# For the 4th



## Paymaster (Jul 3, 2016)

Gettin started on food for the 4th. Fresh sand in my heat defuser pan and then some Boston Butts on the smoker. Tomorrow, ribs and corn in the shuck.


----------



## PrincessFiona60 (Jul 3, 2016)

Looking good!


----------



## CraigC (Jul 3, 2016)

The further I get into this bathroom project, more worm keep coming out of the can! I was going to do the Shawarma on the rotisserie today and muffin tin thighs tomorrow. Now I have to move the Shawarma till tomorrow and save the thighs till next week. Looks like you are going to have some great "Q"!


----------



## Paymaster (Jul 4, 2016)

Thanks for the nice comments. Happy 4th to you all!
About to get together with my gang. Here are some more pics. I will put up a plated pic later. I fired up The Beast to cook corn in the shuck, and did my ribs on my Akorn.


----------



## Cheryl J (Jul 4, 2016)

Oh boy....does that ever look good, PM!  And a Happy 4th to you and yours, too.


----------



## rodentraiser (Jul 4, 2016)

You guys are making my mouth water!


----------



## Paymaster (Jul 4, 2016)

Finally get to eat.


----------



## GotGarlic (Jul 4, 2016)

Looks delish, PayMaster! 

We're waiting for the fireworks to start at 9:30, with our chairs set up next to this tree. It's cloudy but they're high clouds so it's a go!


----------



## Kayelle (Jul 4, 2016)

Just spectacular, as usual Paymaster!!

I guess this is tonight's dinner thread?

We had a party of two for the 4th. I partly cooked some thick bacon strips in the oven and then used them to wrap the Nathan dogs, and made a raft with five wrapped dogs with bamboo skewers for easy turning on the grill and keeping the bacon on the dogs.


----------



## Cheryl J (Jul 4, 2016)

Paymaster, your plated dinner looks fabulous.  The banana cream dessert with meringue topping has my mouth watering.   

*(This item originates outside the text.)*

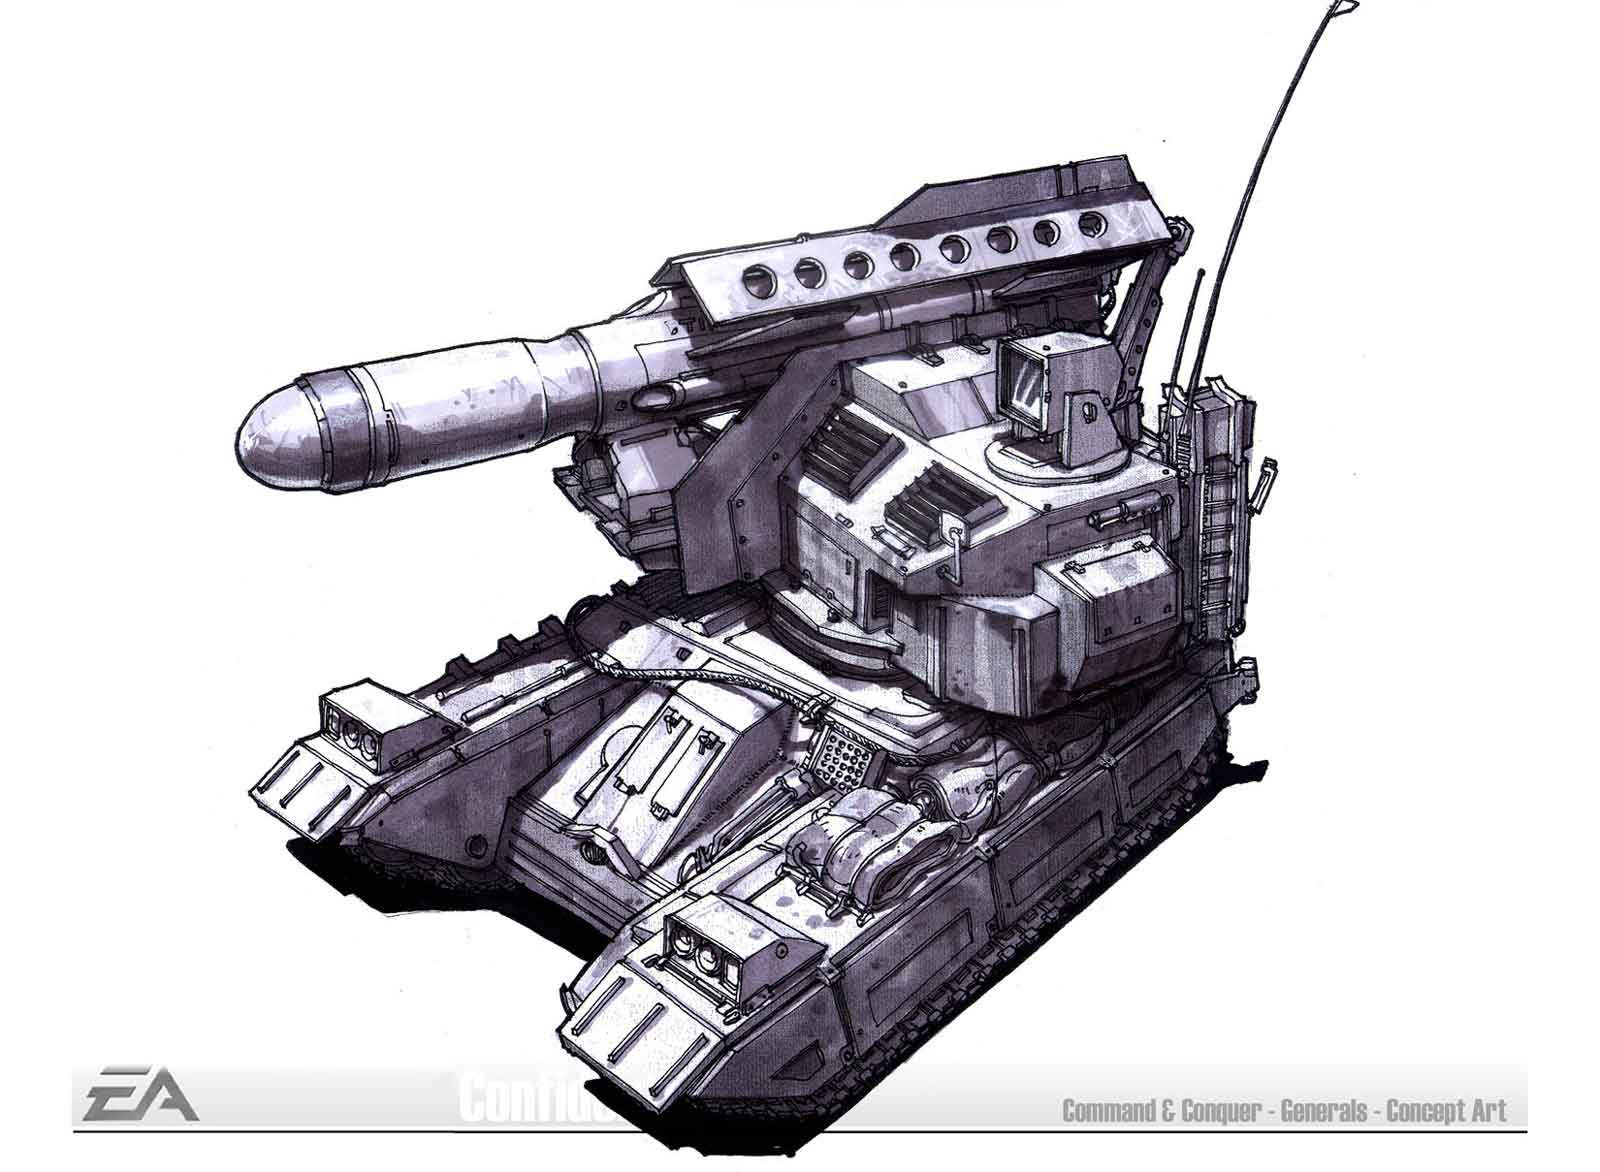 Concept Art - File: american_tomahawk_missile.jpg

Pretty pics, GG - have fun!  

This afternoon's dinner was leftover fried chicken from yesterday, with sides of potato salad, watermelon, and mango. It was just me - tomorrow my brother and I are getting together and grillin' some rib eyes.


----------



## Andy M. (Jul 4, 2016)

We cleaned up leftovers and I grilled the last of the beef souvlaki from last night.


----------



## Cheryl J (Jul 5, 2016)

Kayelle said:


> Just spectacular, as usual Paymaster!!
> 
> I guess this is tonight's dinner thread?
> 
> We had a party of two for the 4th. *I partly cooked some thick bacon strips in the oven and then used them to wrap the Nathan dogs, and made a raft with five wrapped dogs with bamboo skewers for easy turning on the grill and keeping the bacon on the dogs.*


 
Sounds so good, Kay - a raft of bacon dogs!


----------



## Kayelle (Jul 5, 2016)

Cheryl J said:


> Sounds so good, Kay - a raft of bacon dogs!



I should have taken a picture of the raft with a flag on the top!


----------